→ TO DO
Output, word for word, the lines of this listing that fall between the line with "Sheila Mann<br />" and the line with "Sai Yuen Camping", counting both of those lines, and no others.
>>>>
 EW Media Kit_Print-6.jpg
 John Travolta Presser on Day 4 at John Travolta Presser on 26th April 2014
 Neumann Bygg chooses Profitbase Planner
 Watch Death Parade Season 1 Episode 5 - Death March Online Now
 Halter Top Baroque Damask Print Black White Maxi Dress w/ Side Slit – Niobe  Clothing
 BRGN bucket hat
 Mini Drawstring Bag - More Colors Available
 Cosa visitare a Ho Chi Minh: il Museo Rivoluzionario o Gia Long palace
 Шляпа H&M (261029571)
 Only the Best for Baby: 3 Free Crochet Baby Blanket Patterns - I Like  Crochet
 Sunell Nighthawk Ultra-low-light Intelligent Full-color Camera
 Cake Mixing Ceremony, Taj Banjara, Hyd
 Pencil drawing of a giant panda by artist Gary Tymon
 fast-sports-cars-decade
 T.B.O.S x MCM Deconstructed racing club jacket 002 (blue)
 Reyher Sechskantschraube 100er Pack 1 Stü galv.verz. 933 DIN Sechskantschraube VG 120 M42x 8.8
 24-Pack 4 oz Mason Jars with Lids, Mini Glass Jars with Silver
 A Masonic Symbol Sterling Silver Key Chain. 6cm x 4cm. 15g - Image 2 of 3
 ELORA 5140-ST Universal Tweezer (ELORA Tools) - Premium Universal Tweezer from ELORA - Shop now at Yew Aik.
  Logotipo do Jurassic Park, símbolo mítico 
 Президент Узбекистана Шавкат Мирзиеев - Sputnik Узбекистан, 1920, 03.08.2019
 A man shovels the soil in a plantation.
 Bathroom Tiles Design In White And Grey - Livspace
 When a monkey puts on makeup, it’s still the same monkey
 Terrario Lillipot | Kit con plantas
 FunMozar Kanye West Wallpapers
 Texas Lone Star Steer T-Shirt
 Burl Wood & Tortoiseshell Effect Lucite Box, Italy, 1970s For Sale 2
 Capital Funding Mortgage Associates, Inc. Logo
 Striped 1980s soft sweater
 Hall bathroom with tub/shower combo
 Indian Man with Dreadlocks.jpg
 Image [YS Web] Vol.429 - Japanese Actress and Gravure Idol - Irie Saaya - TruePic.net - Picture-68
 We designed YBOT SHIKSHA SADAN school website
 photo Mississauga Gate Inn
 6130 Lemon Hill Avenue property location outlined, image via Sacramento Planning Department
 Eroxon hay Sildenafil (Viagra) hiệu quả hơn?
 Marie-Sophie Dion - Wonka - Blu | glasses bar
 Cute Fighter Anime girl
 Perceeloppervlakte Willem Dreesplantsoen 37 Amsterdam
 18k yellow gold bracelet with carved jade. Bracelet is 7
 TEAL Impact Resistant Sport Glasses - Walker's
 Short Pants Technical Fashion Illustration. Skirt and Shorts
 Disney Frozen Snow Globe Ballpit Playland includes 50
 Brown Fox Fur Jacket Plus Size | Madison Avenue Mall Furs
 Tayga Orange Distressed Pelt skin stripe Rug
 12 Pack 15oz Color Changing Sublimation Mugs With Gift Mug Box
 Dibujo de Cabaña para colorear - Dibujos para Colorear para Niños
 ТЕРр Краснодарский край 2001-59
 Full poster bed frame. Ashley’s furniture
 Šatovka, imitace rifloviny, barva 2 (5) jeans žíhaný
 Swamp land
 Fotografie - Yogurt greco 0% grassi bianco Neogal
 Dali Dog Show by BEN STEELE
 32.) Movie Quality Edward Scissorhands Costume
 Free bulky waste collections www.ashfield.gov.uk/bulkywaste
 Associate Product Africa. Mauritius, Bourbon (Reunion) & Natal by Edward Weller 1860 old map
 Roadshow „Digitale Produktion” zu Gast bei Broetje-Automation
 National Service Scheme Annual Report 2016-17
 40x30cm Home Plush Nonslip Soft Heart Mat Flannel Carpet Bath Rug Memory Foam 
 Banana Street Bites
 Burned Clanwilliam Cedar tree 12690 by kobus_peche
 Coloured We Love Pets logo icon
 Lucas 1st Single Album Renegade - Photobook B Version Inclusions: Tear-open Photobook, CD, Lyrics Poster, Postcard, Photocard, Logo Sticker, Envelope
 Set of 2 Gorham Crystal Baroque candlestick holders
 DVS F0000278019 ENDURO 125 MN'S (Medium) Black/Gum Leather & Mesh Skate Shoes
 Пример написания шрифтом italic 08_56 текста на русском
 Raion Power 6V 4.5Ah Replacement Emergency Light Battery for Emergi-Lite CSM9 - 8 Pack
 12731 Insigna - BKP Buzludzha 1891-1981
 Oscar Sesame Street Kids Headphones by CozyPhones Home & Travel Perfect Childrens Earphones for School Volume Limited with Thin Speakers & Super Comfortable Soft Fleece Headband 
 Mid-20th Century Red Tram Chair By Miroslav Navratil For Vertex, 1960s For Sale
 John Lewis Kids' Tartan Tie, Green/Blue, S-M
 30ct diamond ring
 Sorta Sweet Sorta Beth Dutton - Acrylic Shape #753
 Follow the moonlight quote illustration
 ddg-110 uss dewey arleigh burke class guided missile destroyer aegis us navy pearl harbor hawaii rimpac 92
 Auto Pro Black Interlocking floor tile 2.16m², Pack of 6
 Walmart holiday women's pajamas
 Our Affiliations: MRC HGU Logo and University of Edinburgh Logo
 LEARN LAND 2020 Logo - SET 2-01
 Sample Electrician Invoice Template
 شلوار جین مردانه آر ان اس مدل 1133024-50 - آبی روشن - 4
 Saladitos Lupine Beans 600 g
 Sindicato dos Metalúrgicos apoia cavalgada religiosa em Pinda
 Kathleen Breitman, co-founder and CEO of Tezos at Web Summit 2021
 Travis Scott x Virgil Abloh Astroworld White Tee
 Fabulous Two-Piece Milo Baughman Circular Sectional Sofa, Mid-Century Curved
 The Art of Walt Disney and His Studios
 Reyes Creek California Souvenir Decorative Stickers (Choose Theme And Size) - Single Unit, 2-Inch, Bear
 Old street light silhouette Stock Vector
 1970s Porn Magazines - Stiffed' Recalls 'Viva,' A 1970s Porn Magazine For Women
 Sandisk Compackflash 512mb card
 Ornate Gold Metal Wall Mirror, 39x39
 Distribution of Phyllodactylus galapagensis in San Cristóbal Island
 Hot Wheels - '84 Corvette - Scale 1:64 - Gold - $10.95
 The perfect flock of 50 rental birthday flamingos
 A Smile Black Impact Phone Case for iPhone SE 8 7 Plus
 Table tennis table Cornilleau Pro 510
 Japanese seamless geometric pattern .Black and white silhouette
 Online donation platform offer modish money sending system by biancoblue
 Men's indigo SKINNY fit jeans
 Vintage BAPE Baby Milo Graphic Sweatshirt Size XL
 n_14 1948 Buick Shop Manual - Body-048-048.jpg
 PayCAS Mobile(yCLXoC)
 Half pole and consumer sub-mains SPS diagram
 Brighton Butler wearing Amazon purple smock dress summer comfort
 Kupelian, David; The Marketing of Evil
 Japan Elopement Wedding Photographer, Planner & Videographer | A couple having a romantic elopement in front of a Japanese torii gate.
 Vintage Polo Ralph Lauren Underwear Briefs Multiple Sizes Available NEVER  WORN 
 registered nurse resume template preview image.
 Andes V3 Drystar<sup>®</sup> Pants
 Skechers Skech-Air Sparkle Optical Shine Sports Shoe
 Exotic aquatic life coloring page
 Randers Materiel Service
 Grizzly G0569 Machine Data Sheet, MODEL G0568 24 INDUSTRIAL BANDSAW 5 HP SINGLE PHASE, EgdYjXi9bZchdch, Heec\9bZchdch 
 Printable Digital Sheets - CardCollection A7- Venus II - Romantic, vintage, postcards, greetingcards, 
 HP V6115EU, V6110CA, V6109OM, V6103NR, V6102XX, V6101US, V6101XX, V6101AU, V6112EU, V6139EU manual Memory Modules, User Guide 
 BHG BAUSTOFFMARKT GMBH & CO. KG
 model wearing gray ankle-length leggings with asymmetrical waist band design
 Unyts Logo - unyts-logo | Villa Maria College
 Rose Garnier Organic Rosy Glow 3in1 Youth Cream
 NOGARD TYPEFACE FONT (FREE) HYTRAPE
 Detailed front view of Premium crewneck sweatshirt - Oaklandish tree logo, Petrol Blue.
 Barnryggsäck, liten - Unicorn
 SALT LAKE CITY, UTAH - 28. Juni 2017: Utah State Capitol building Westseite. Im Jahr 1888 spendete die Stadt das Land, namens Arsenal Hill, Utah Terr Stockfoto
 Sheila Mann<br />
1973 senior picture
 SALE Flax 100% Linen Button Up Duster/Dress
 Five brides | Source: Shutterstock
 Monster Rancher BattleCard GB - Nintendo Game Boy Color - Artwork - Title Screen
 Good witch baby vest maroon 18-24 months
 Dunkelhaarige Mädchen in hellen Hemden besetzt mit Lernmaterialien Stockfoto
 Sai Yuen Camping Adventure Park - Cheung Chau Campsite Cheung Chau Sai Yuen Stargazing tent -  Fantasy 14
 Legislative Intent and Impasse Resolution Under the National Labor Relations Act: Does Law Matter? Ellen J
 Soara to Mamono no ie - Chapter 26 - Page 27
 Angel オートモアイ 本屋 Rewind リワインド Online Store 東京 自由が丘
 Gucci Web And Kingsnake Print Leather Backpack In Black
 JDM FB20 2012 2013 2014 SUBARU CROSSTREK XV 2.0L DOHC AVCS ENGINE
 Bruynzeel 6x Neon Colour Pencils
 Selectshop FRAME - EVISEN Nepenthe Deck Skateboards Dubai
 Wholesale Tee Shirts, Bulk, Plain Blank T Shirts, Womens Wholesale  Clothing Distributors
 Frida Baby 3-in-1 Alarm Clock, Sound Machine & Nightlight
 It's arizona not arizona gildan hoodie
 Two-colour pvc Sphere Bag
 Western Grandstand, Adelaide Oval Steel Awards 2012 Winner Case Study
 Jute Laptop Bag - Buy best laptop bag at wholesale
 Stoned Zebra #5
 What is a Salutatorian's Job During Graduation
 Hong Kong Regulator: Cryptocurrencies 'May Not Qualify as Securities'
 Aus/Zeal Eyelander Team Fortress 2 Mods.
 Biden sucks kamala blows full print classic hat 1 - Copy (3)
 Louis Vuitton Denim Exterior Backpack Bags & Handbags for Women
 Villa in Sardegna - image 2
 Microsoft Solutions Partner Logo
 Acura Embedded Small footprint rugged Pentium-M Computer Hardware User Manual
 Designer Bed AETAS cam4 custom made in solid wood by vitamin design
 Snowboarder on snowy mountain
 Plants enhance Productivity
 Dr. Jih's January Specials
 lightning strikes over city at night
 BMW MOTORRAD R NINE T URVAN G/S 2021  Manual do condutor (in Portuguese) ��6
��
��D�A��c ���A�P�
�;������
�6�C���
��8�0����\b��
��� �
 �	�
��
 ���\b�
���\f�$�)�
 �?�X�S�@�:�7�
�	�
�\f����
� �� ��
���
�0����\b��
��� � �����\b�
<<<<
→ OUTPUT BELOW
 Sheila Mann<br />
1973 senior picture
 SALE Flax 100% Linen Button Up Duster/Dress
 Five brides | Source: Shutterstock
 Monster Rancher BattleCard GB - Nintendo Game Boy Color - Artwork - Title Screen
 Good witch baby vest maroon 18-24 months
 Dunkelhaarige Mädchen in hellen Hemden besetzt mit Lernmaterialien Stockfoto
 Sai Yuen Camping Adventure Park - Cheung Chau Campsite Cheung Chau Sai Yuen Stargazing tent -  Fantasy 14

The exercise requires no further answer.